Telegram setup in 5 minutes
- Create a bot via BotFather on Telegram
- In Claude Code: install the official Anthropic plugin
- Configure with your bot token
- Launch with the --channels flag
- Pair by messaging the bot
For Discord, it's almost identical. The gotcha: enable Message Content Intent in the Privileged Gateway Intents.
What Channels does well
- Ultra fast setup: 5 minutes, no Docker, no reverse proxy
- Native security: user ID allowlist, pairing code, nothing exposed
- Extensible architecture: MCP plugin system allows more platforms
- File support: images and documents up to 50 MB
The limits nobody talks about
1. Your machine must stay on. Close your terminal, bot is dead.
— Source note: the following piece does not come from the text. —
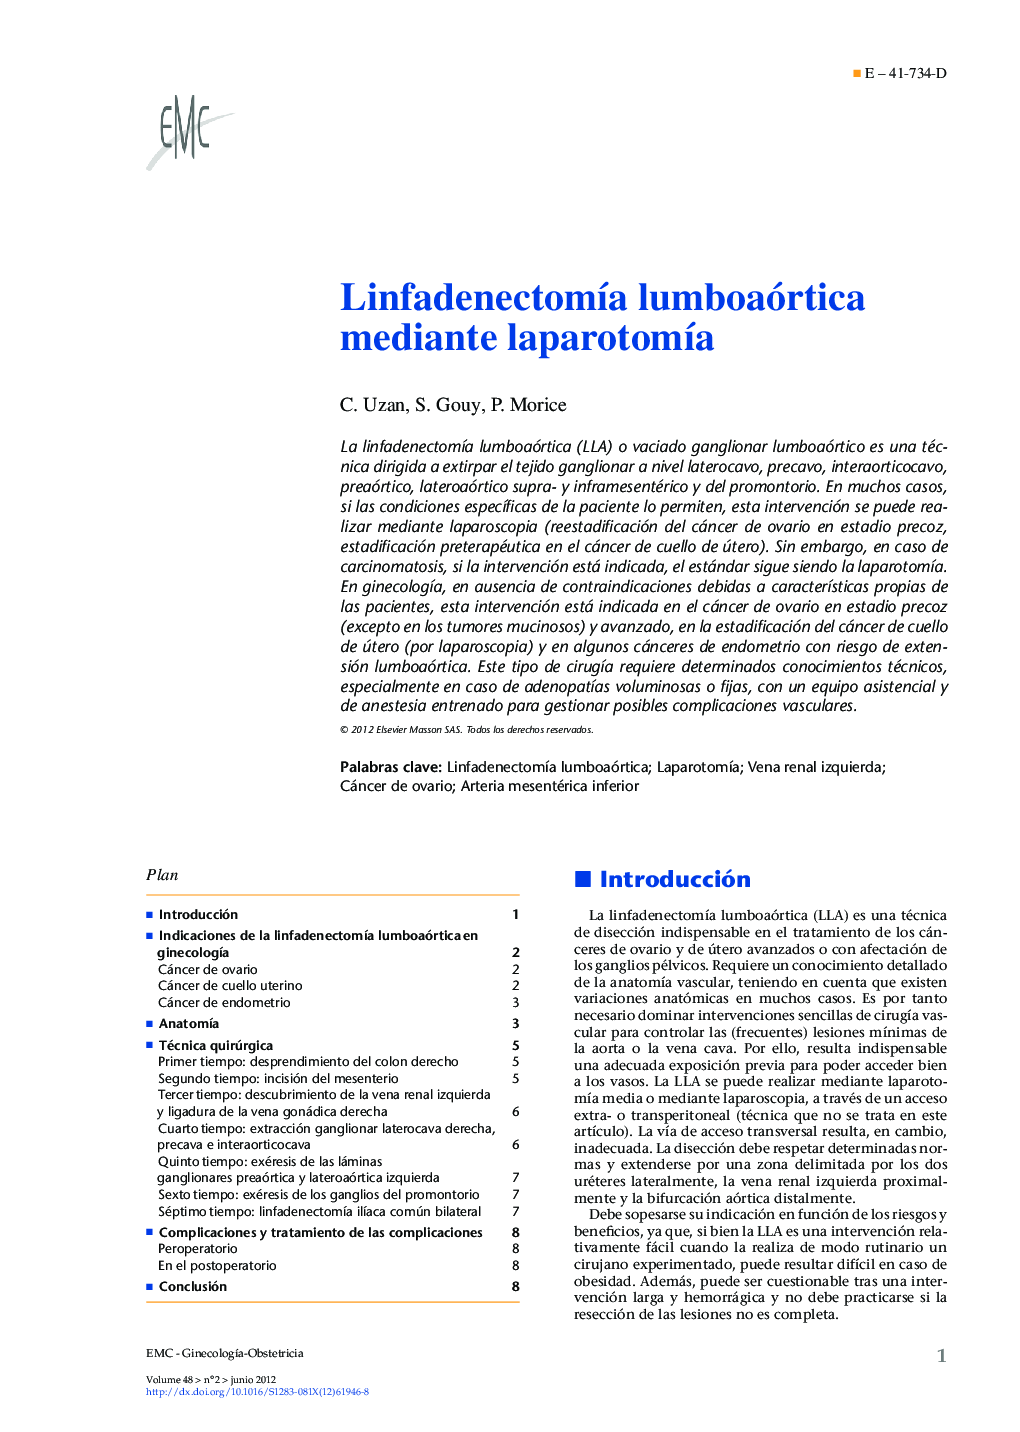 LinfadenectomÃ­a lumboaórtica mediante laparotomÃ­a
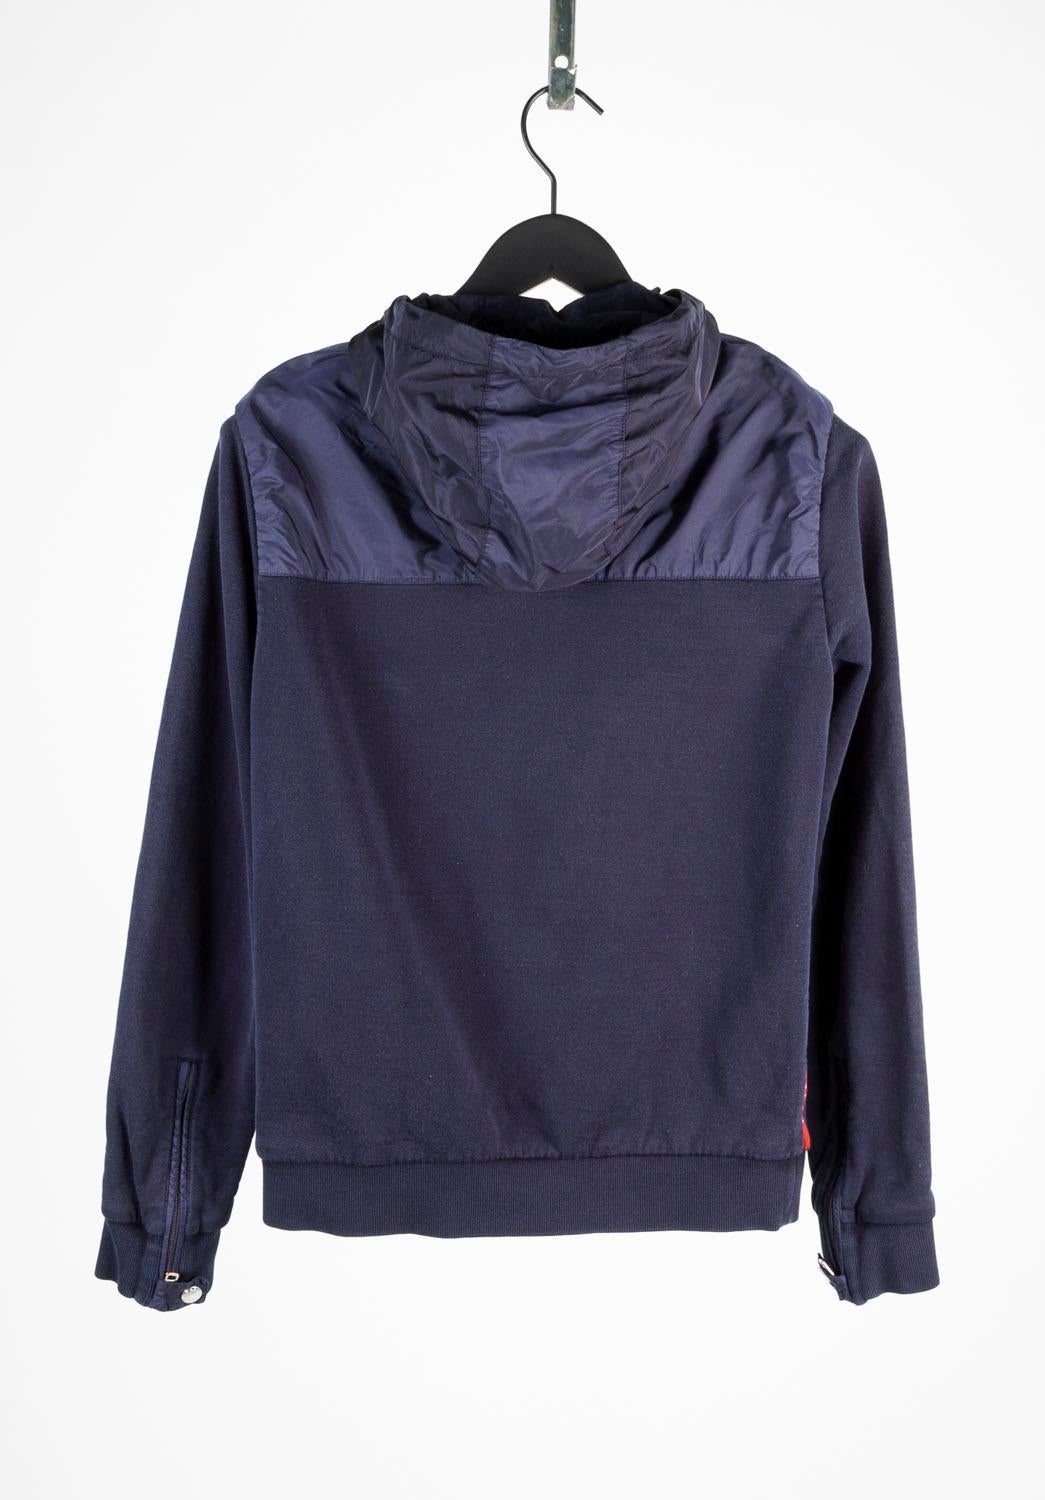  Prada Men Jacket Sweatshirt Light Zipped Hooded Size M, S662 For Sale 1

2. Manual launch every time. The channels command every single time.
3. Zero persistent memory. No identity files, no daily notes, no long-term memory.
4. No scheduled tasks. No crons, no heartbeats. The agent does nothing on its own.
5. One channel at a time. Telegram OR Discord, not both.
6. Claude only. No model choice. Locked into Anthropic's ecosystem.
Anthropic shipped 3 features, not 1

| Feature | Date | One sentence |
|---|---|---|
| Remote Control | Feb 24 | A remote window into your terminal |
| Dispatch | Mar 17 | A walkie-talkie to your desktop assistant |
| Channels | Mar 20 | A Telegram/Discord chatbot connected to your terminal |
| OpenClaw | Nov 2025 | An autonomous agent that works while you sleep |
The comparison table

| Remote Control | Dispatch | Channels | OpenClaw | |
|---|---|---|---|---|
| Machine must run | YES | YES | YES | NO (VPS 24/7) |
| Persistent memory | No | No | No | YES |
| Scheduled tasks | No | Basic | No | YES |
| Autonomy | No | No | No | YES |
| Multi-channel | No | No | No | YES (10+) |
| Model agnostic | No | No | No | YES |
My verdict
Channels is a good start. The MCP architecture is clean. But even on a VPS, you'd just have a pipe. To make it a real assistant, you need to build everything around it: memory, crons, skills, resilience. That's exactly what OpenClaw spent months building.
It's a brick, not the house.
The real signal is that Anthropic validates the concept of personal agents accessible via messaging. 200K GitHub stars on OpenClaw, and now Anthropic shipping 3 features in one month to respond. The race for personal agents is on.